UK Parliament has officially banned the use of wild animals in circuses.
The British Parliament passed the Wild Animals in Circuses (No. 2) Bill today following its third and final reading in the House of Lords. The move comes after more than a decade of promises from lawmakers.
“I am delighted that Parliament has finally banned wild animals in circuses and we can draw a line under this archaic abuse in England, Scotland (where there is already a ban), and soon I hope in Wales,” Jan Creamer, president of animal rights charity Animal Defenders International (ADI), said in a statement. “There has been overwhelming public support for a ban since Animal Defenders International began exposing the horrific cruelty and abuse behind the scenes of British circuses of animals like chimpanzee Trudy, Anne the elephant, and far too many others.
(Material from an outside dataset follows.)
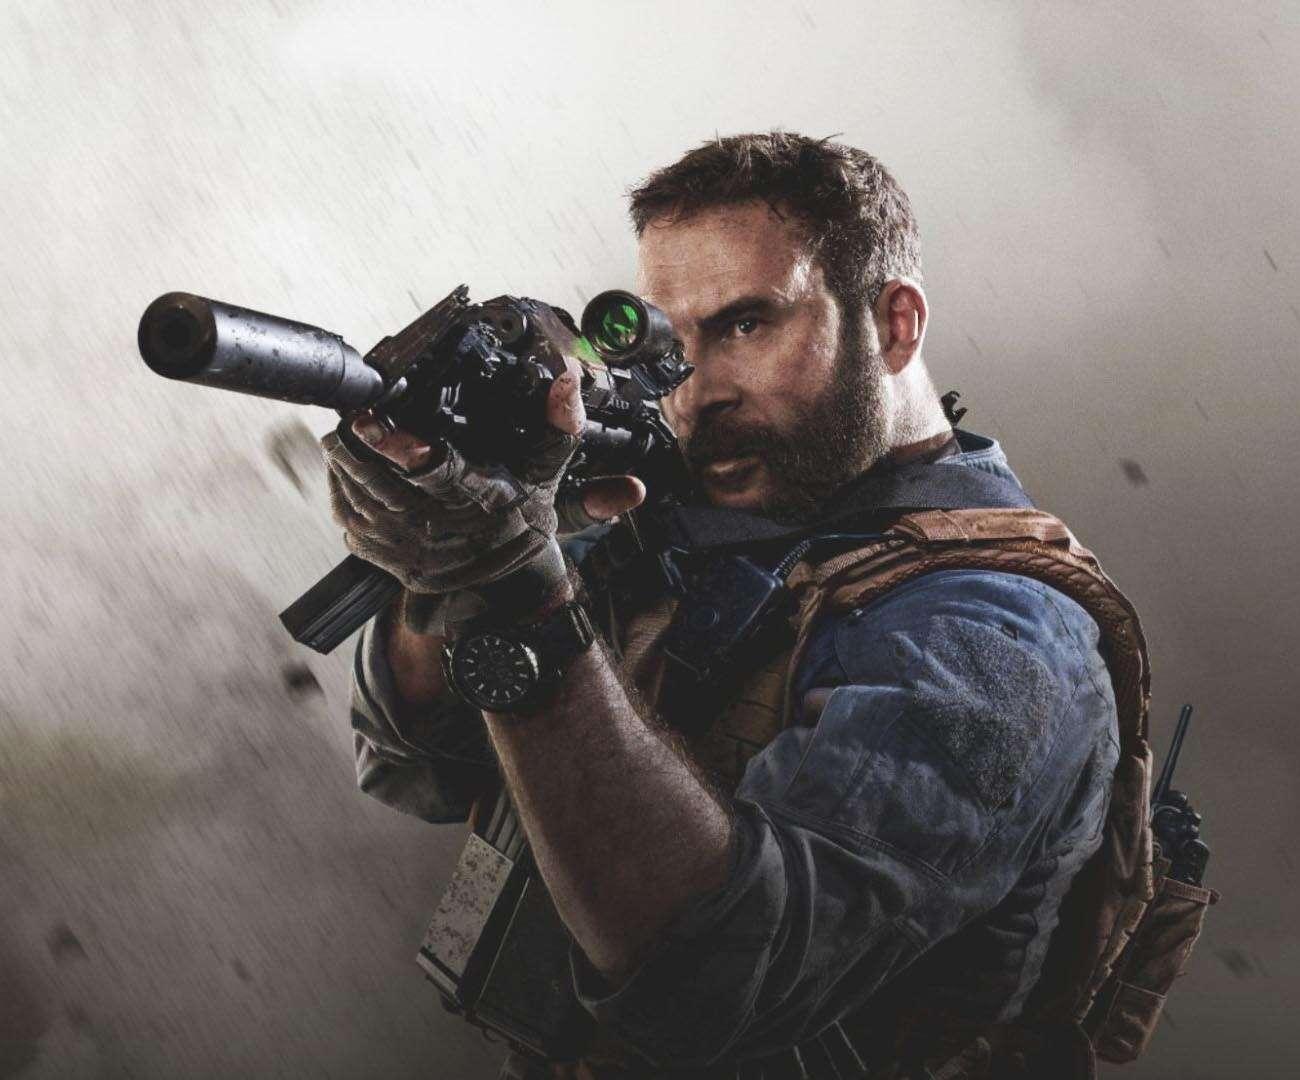 Remaster nowego Call of Duty Modern Warfare? Gra zauważona na PS5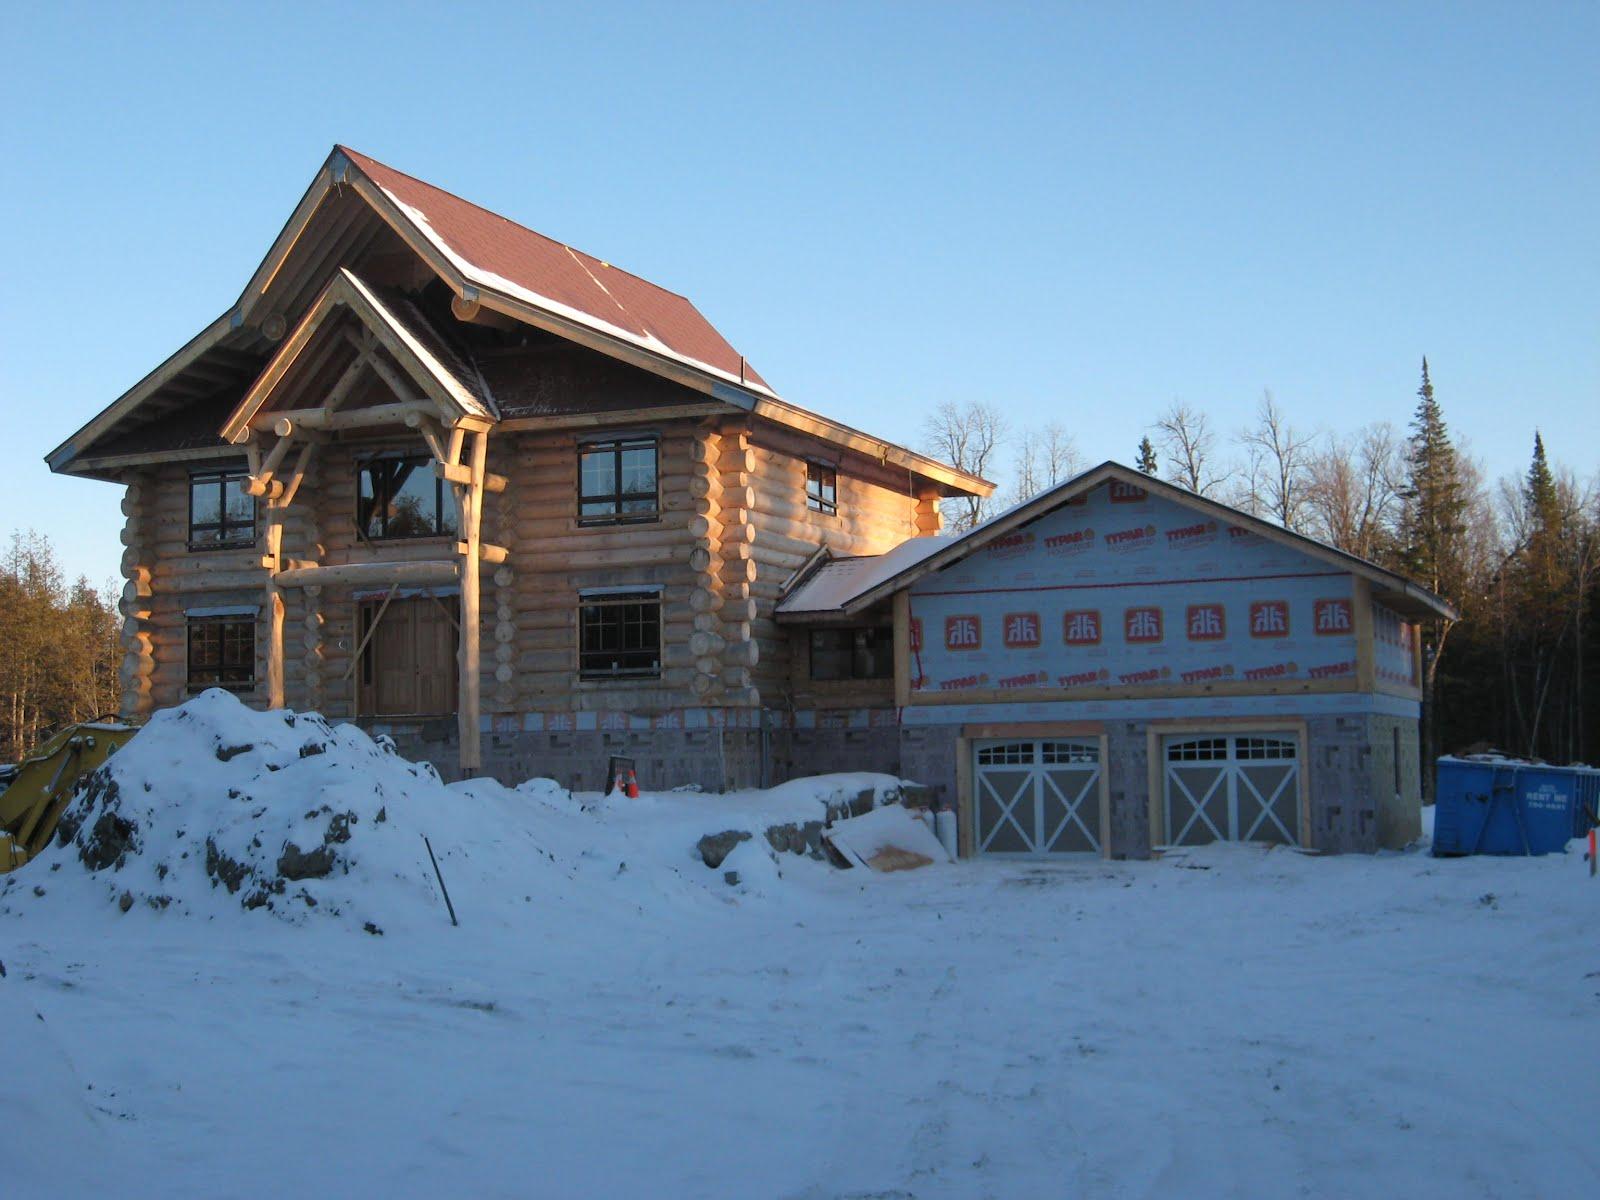 Dextor a edwards architect juneau log home carp ontario for Log home architects

I am delighted that England is finally catching up with over 40 countries that have already passed such bans.”
A ban was first promised by the Labour Government during the passage of the Animal Welfare Act of 2006. The result of a 2010 survey conducted by ADI showed that 94.5 percent of UK residents were in favor of a ban.
What’s Wrong With the Circus?
All across the globe, circuses are known for treating captive animals violently, denying these animals adequate nutrition, keeping them in cramped and unsanitary enclosures, and forcing them to perform for an audience.
It has been said that many of the behaviors that these animals — lions, monkeys, camels, elephants, dogs, zebras and more — are forced to perform would not occur if they were left to live freely in their natural habitats.
The UK had only two remaining circuses – Circus Mondao and Peter Jolly’s Circus, who have 19 animals between them. Six reindeer, four zebras, three camels, three raccoons, a fox, a macaw and a zebu (humped South Asian cattle) travel with the circuses. ADI has offered to help relocate the animals affected by the legislation.
The wild animal circus ban will go into effect from January 2020.